South Florida Sun-Sentinel
Today's minimum-wage workers are better educated and more productive than their predecessors, but their wages are less adequate for meeting their families' needs. A worker employed full-time at minimum wage earns $15,080, nearly $3,500 less than the federal poverty level for a family of three.
As we slowly recover from the worst economic downturn since the Great Depression, corporate profits have soared, but American workers continue to be left behind. In the absence of a vibrant economic recovery, economic forces are working against wage growth. Persistent, high unemployment puts enormous downward pressure on wages. The intuition on that is straightforward — with a queue of unemployed workers wrapping around the block for every job opening, employers don't have to offer substantial wage increases to get or keep the workers they need. Decreases in wages (and corresponding decreases in family income) have increased child and family poverty and contributed to further increases in income inequality.
With persistently high unemployment rates and broad consensus among economists that rates will remain high for years, it will be a very long time before the economy itself generates upward pressure on wages. Increasing the minimum wage would help put American families on a more solid economic path, increasing their confidence as consumers, and in turn, their spending power. It would also move the United States towards a model of greater shared prosperity, where workers can increase their living standards through increased earnings rather than through increased debt.

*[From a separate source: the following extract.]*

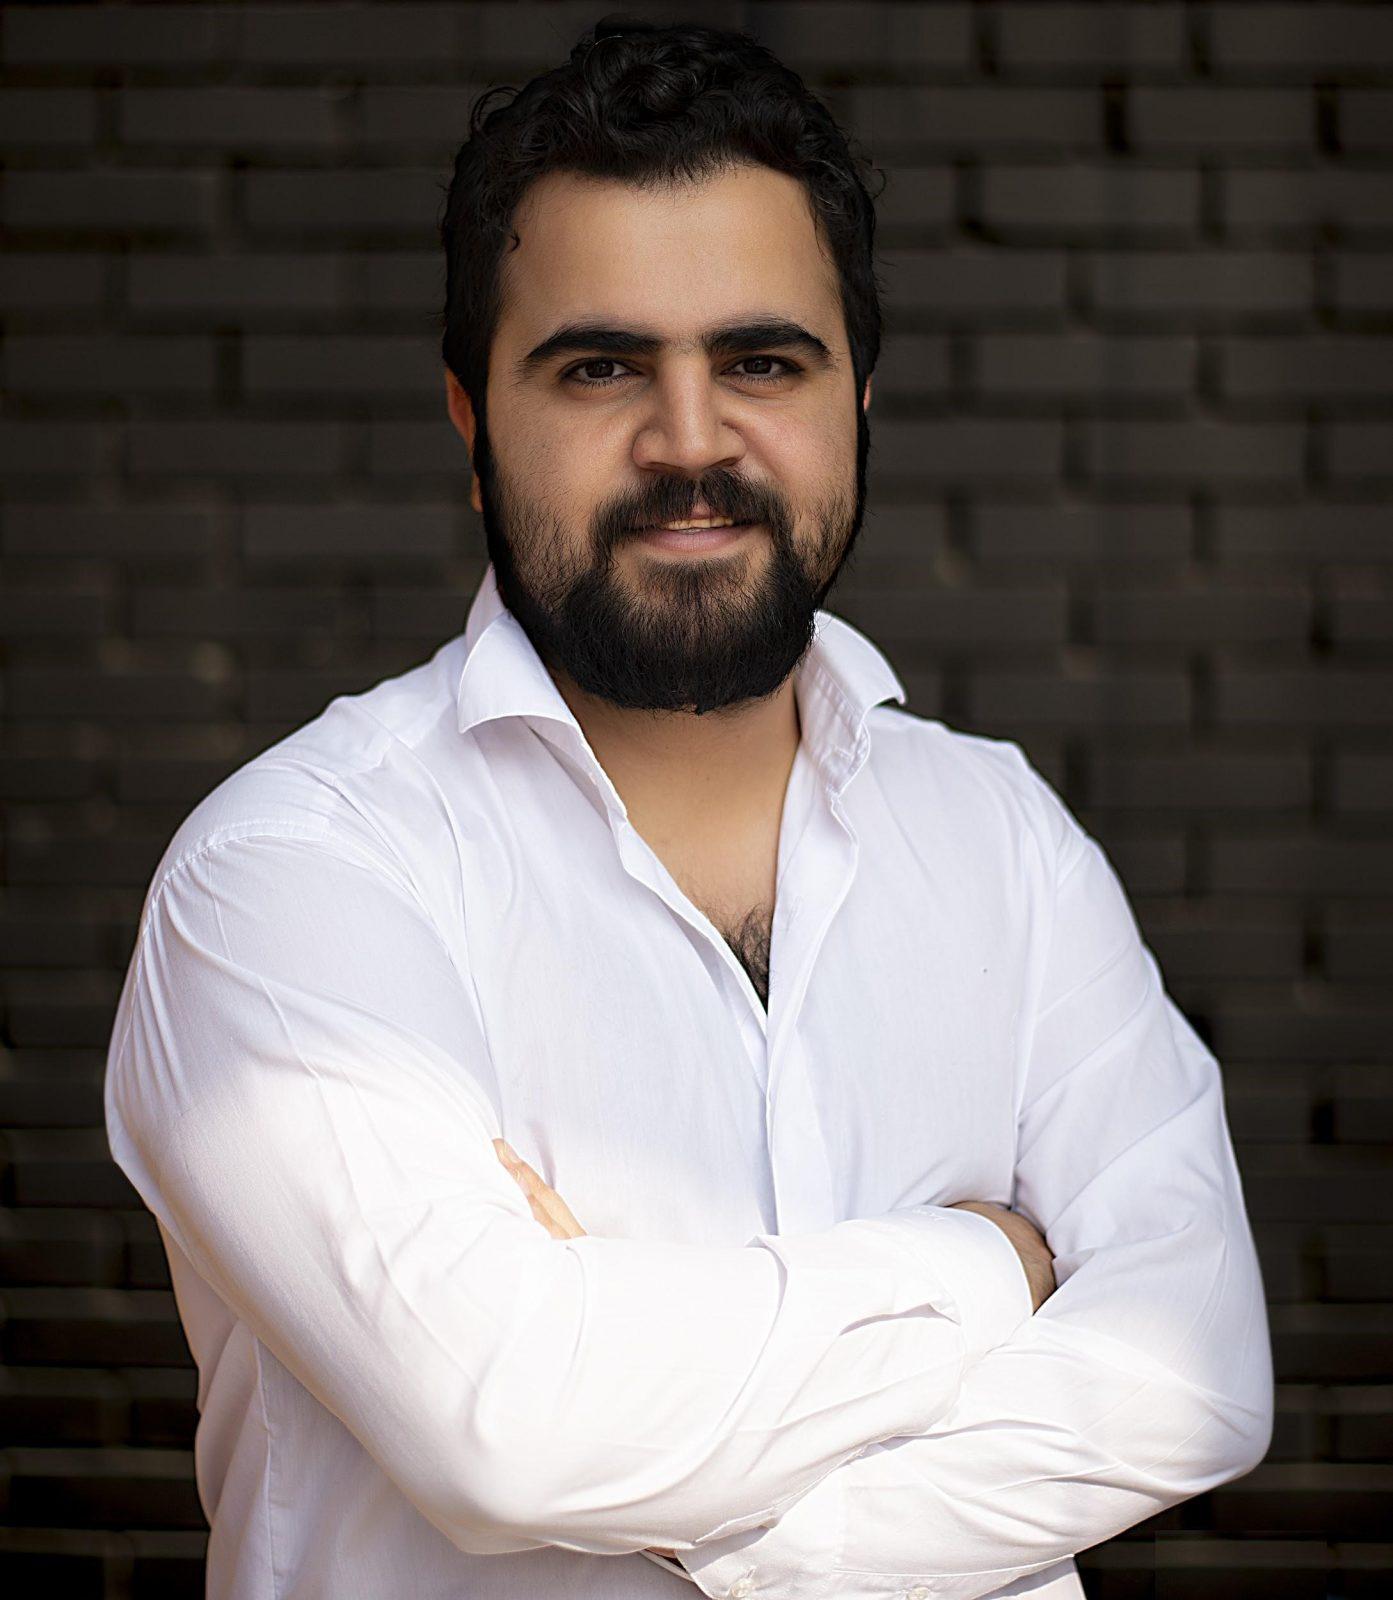 Ahmed Najm

Erroneous stereotypes persist of minimum wage workers as middle-class teenagers working part-time jobs. In fact, a majority of minimum wage earners are adults working many hours and living in low-income households. Of the 4.5 million minimum wage workers who directly benefited from the most recent minimum wage increase, more than half belonged to families with family income less than $35,000 a year.
According to the US Bureau of Labor Statistics, or BLS, in 2010, there were 4.4 million workers in America working at or below the federal minimum wage. The BLS notes that the greatest concentration of minimum wage earners are in the service sector — a sector that has seen considerable growth as the economy rebounds. As we put America back to work, we should ensure they are paid enough to support themselves.

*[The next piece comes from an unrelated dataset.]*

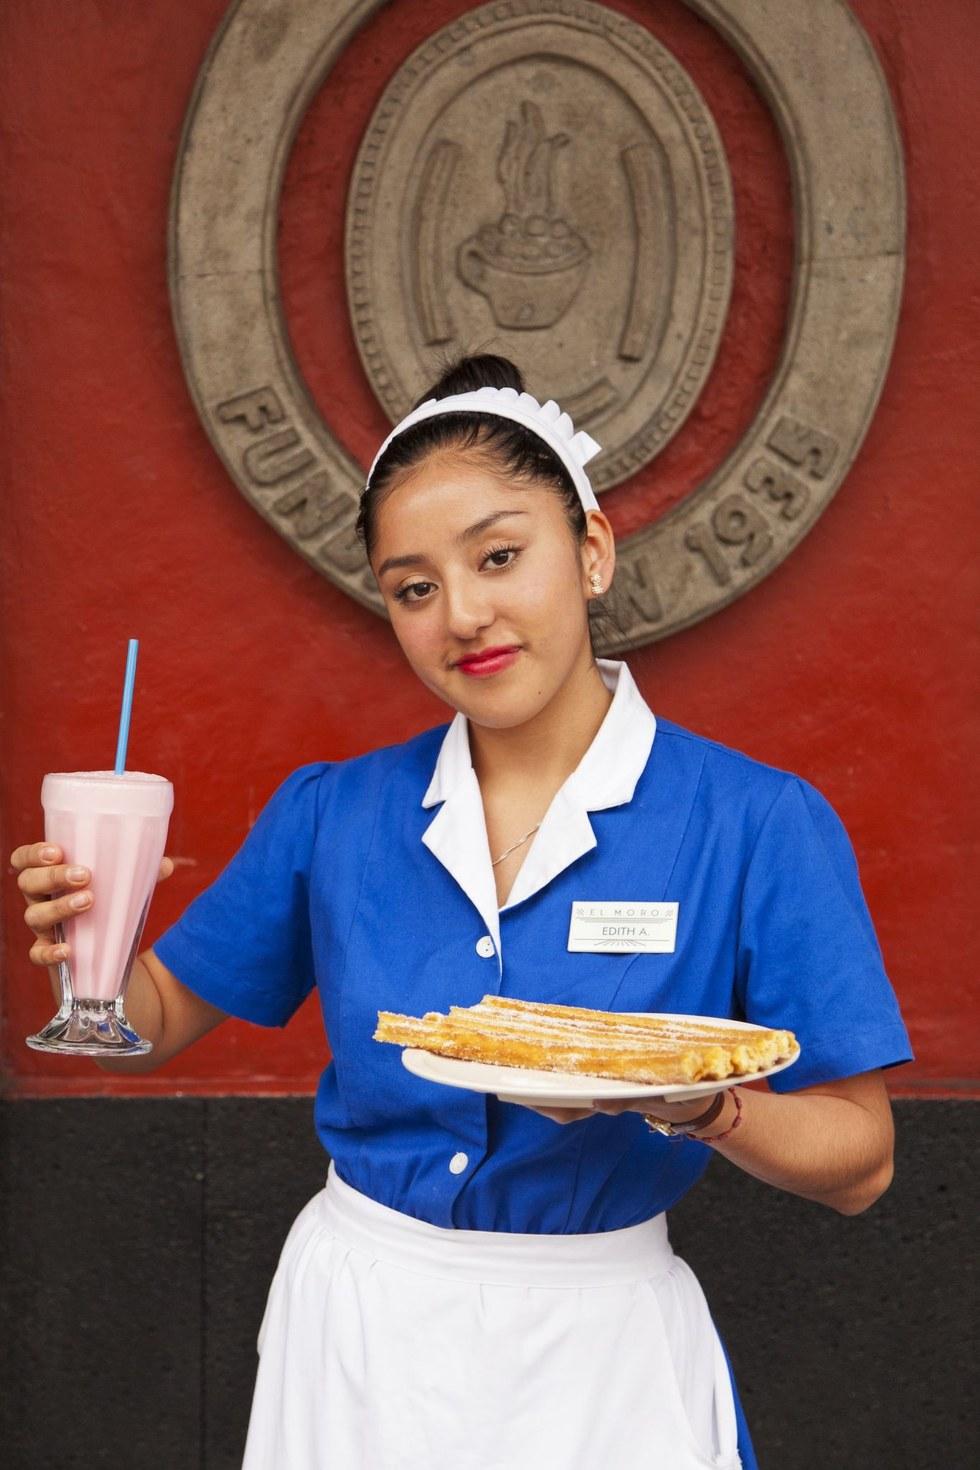 A waitress at Churrería El Moro

Contrary to popular belief, increasing the minimum wage does not cause significant job loss. Economic studies looking at the employment impact of a minimum wage increase have become more sophisticated in recent years. Previous research showing a significant negative impact have been displaced by studies showing that an increase in the minimum wage has a small — and even positive — impact on employment.

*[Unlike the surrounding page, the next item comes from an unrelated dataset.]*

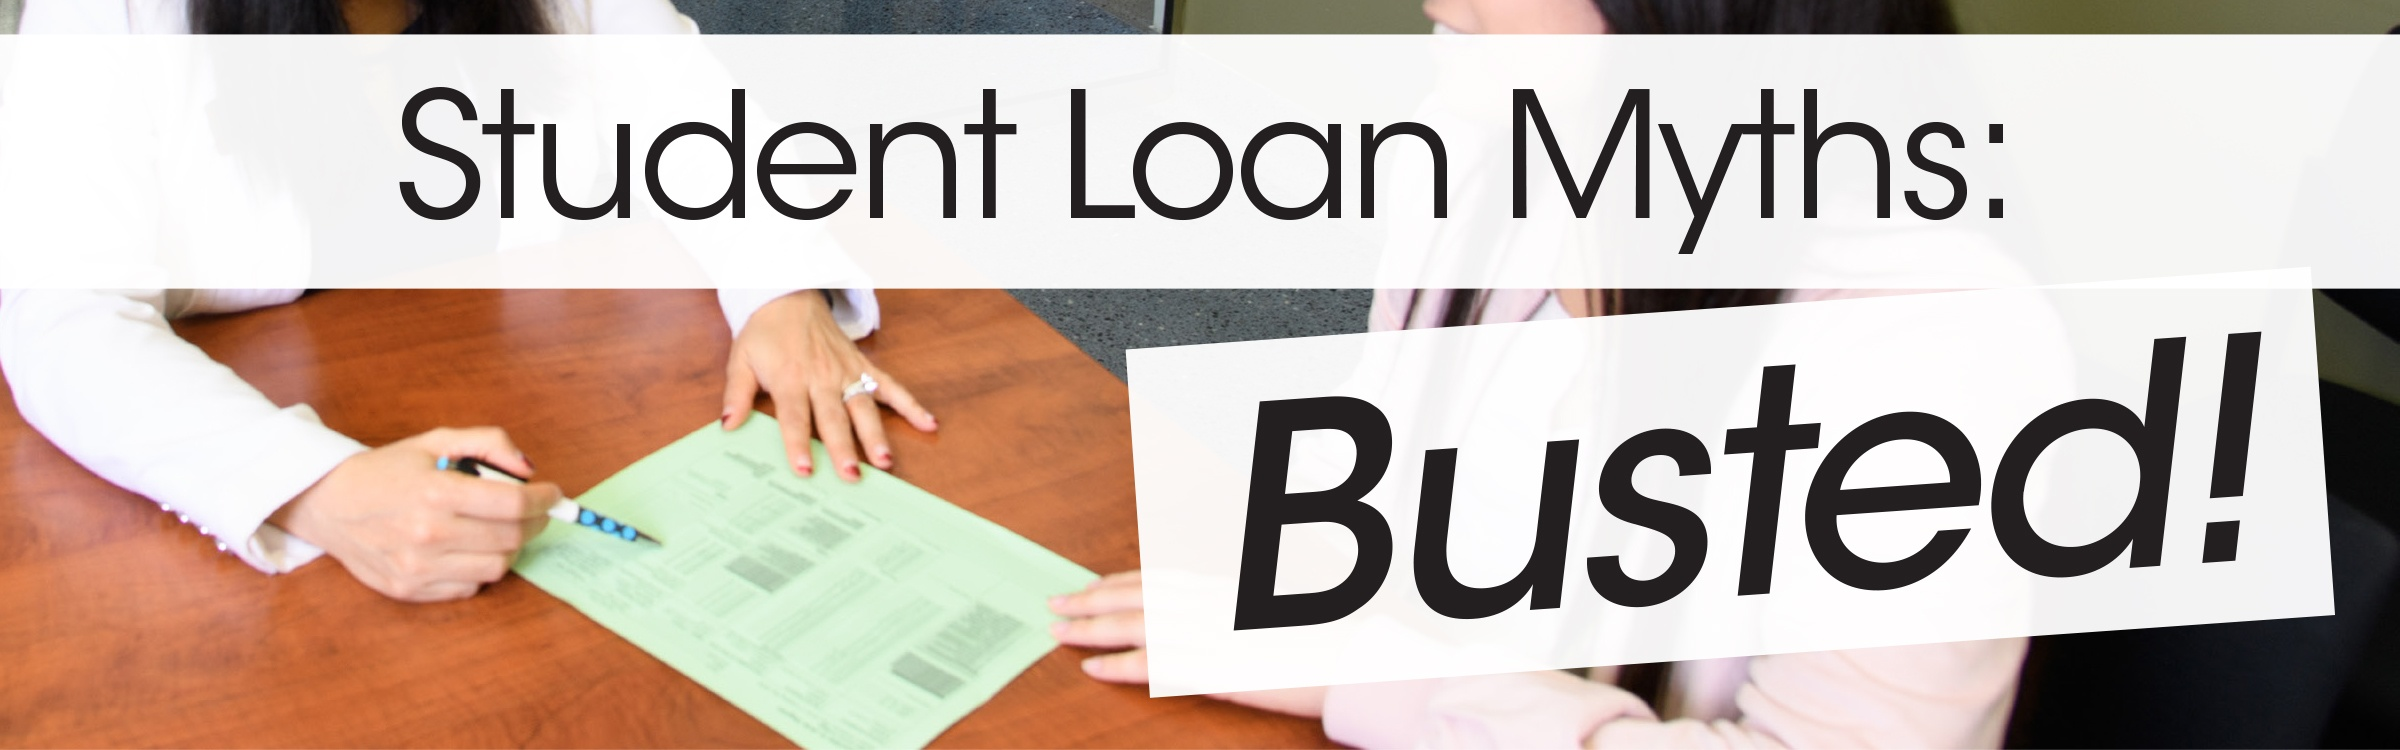 student loan myths busted banner jjc joliet junior college

Other research, including a study from the Federal Reserve Bank of Chicago, points to an increase in the minimum wage as an economic stimulus that benefits the economy as a whole. An increase puts additional income into the hands of workers who are likely to be struggling to make ends meet and therefore very likely to spend that extra money. While the magnitude of such a stimulus might vary depending on the structure of a local economy, it's clear that the impact is positive. Thus, an increase in the minimum wage provides an excellent stimulus for the economy precisely when our economy needs it the most.
With evidence showing that an increase in the minimum wage stimulates the economy, leaves minimum wage workers and their families better off and does not cost jobs, the case for an increase in the minimum wage is clear.
Douglas Hall, Ph.D., is director of the Economic Analysis and Research Networkat the Economic Policy Institute in Washington, D.C.